Nos dias de hoje em pleno século XXI, vinte e um, a referência a nomes como Drácula, Frankenstein, bruxas, monstros, e o que a imaginação puder criar de aterrorizante. Chamando a atenção das pessoas, tudo temperado pelo medo, este estado suscitado pela consciência do perigo, que mexe com todas suas crenças. Verdade que desde os homens das cavernas o medo está presente como um dispositivo de defesa, pois manter-se sempre alerta pode significar uma maior sobrevida. Tanto para um ser humano como para qualquer outra espécie vivente neste mundo. Viver mais este é um dos objetivos do ser vivo, contudo não precisamos viver pelos cantos morrendo de medo. – Não é verdade?

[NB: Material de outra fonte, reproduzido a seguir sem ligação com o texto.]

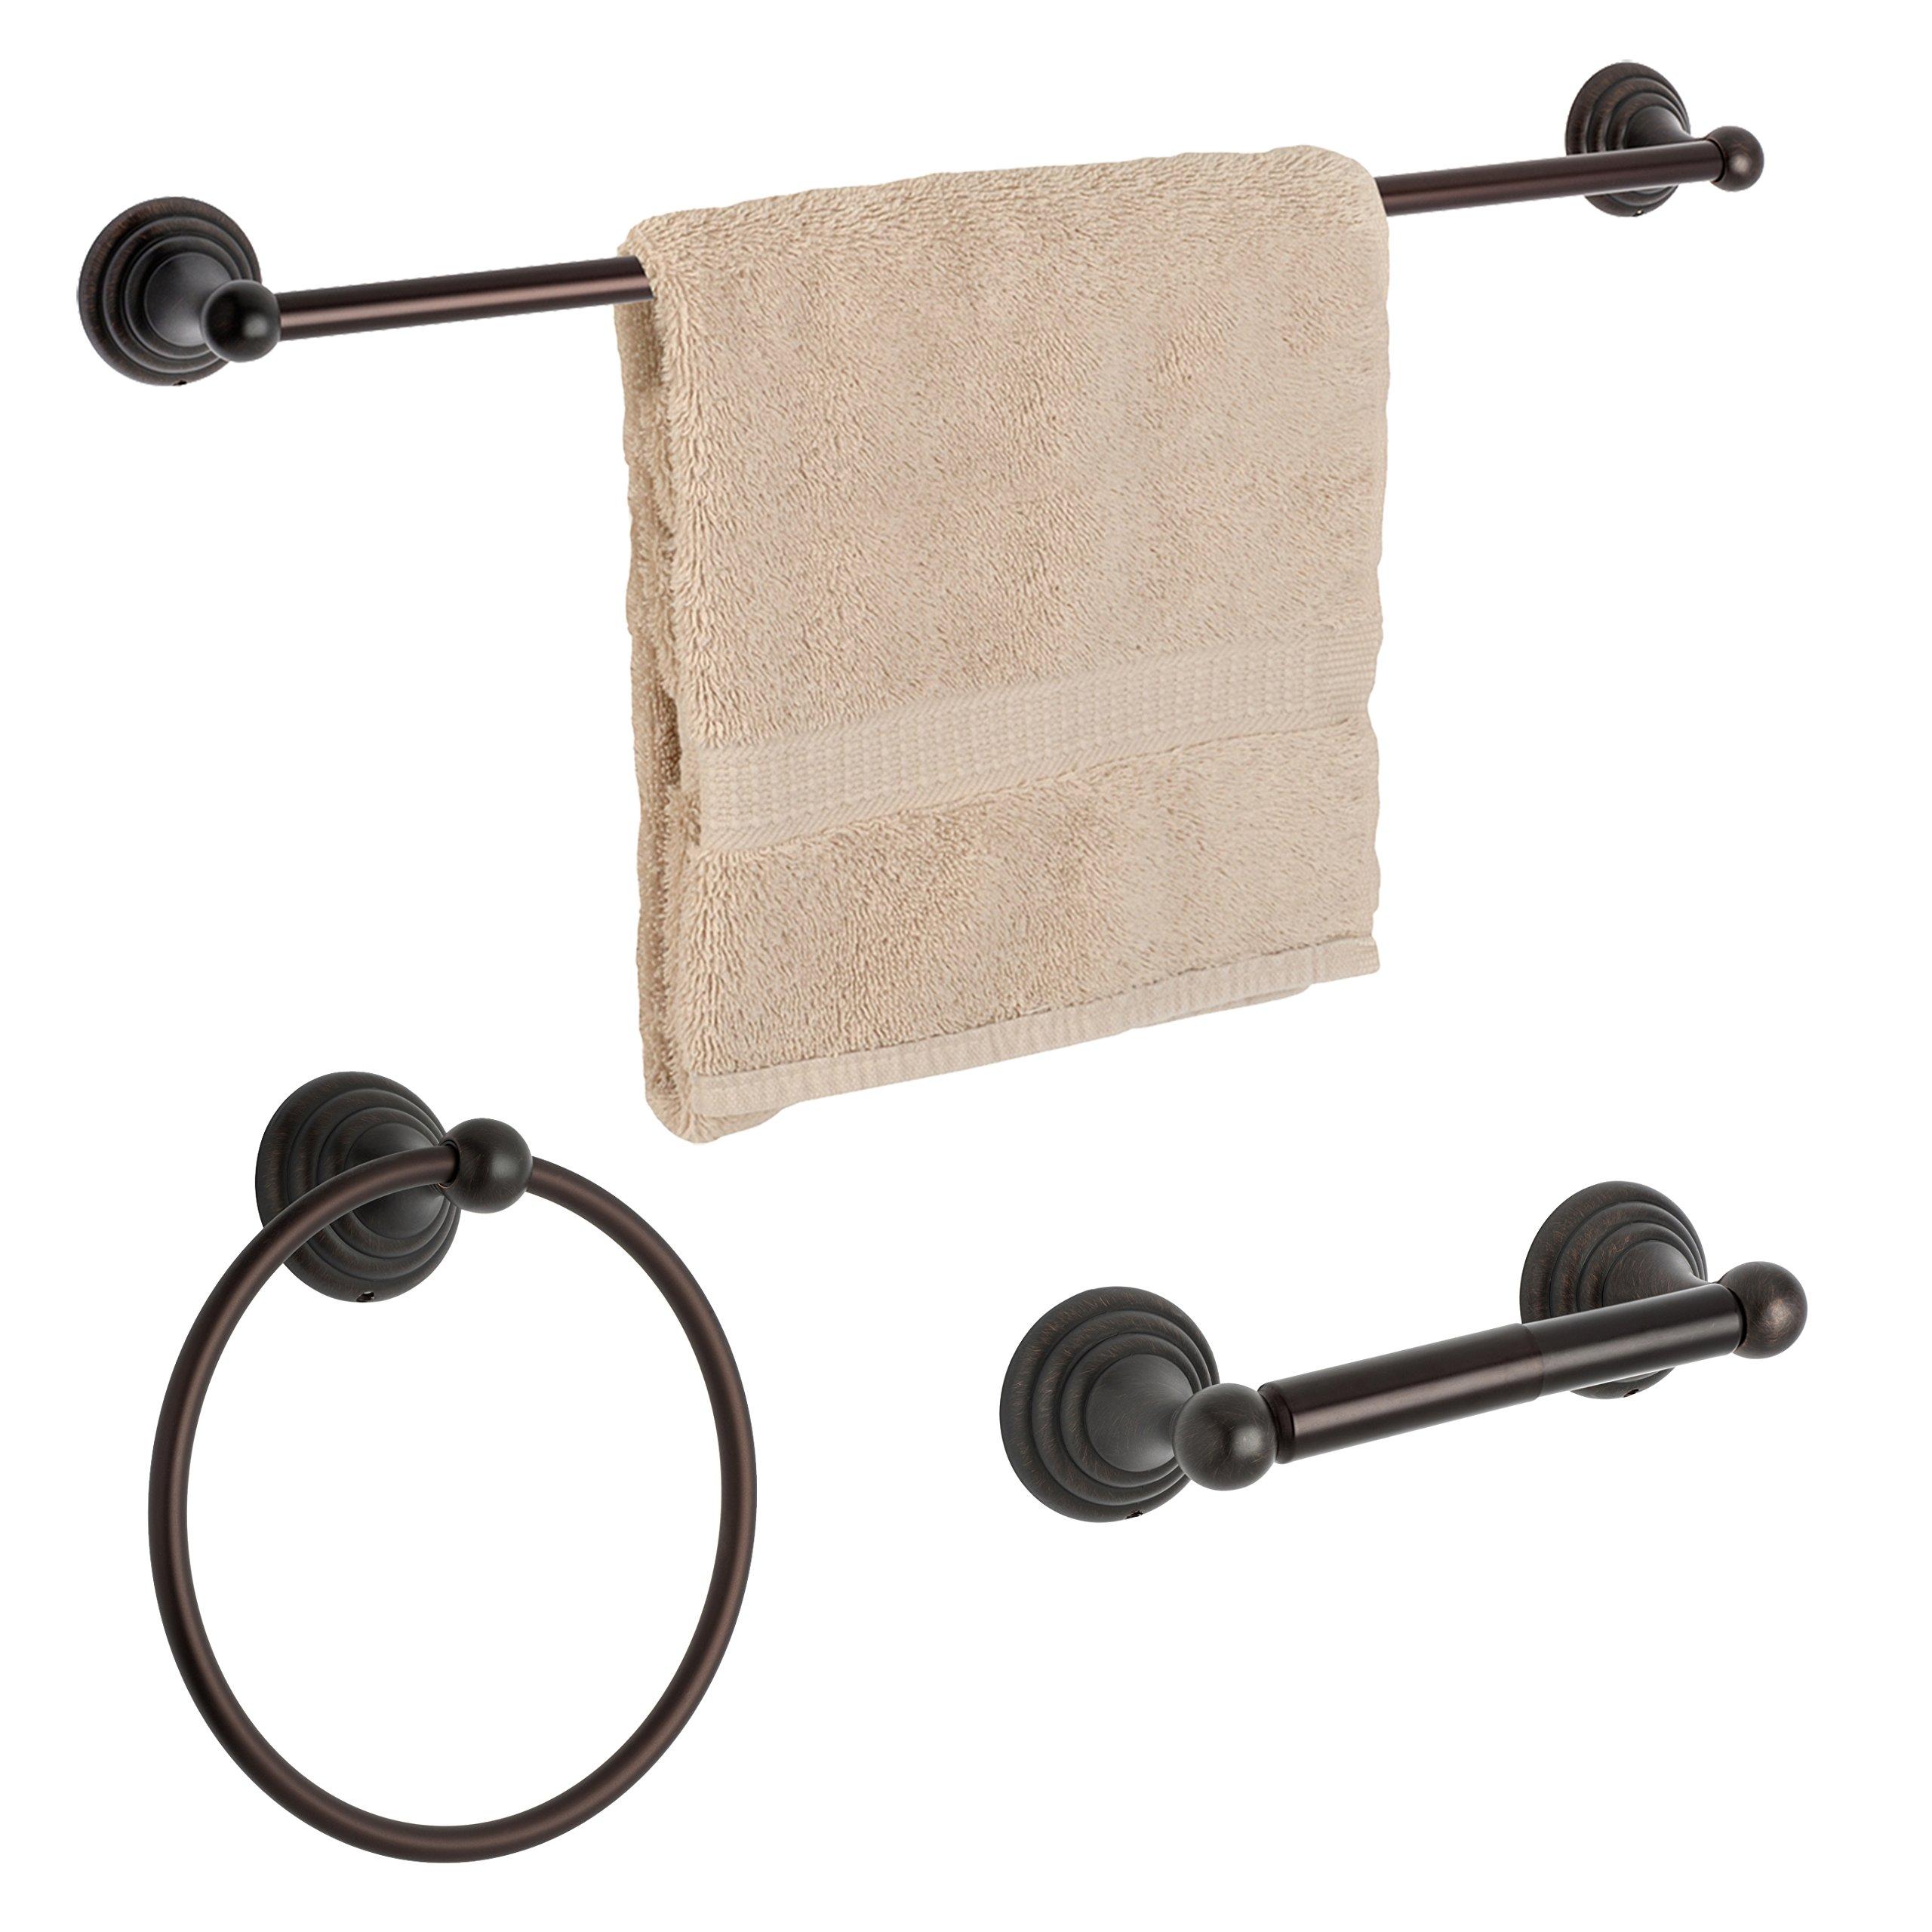 Dynasty Hardware DYN-7500-ORB-3 Bel-Air Bathroom Hardware 3-Piece Set, with 24'', 24 Inch Towel Bar, Oil Rubbed Bronze

No mundo do xadrez encontramos uma linha de jogo que foi denominada de Frankenstein contra Drácula, por esta apresentar batalhas sanguinárias, onde as peças se digladiam envoltas numa luta franca e complexa. Para ilustrar apresentamos no diagrama uma partida jogada por John Nunn que de sua parte é considerada a sua "partida imortal", que seguiu por esta linha de jogo tão aguda, com sacrifícios, mas tem esta denominação que causa medo.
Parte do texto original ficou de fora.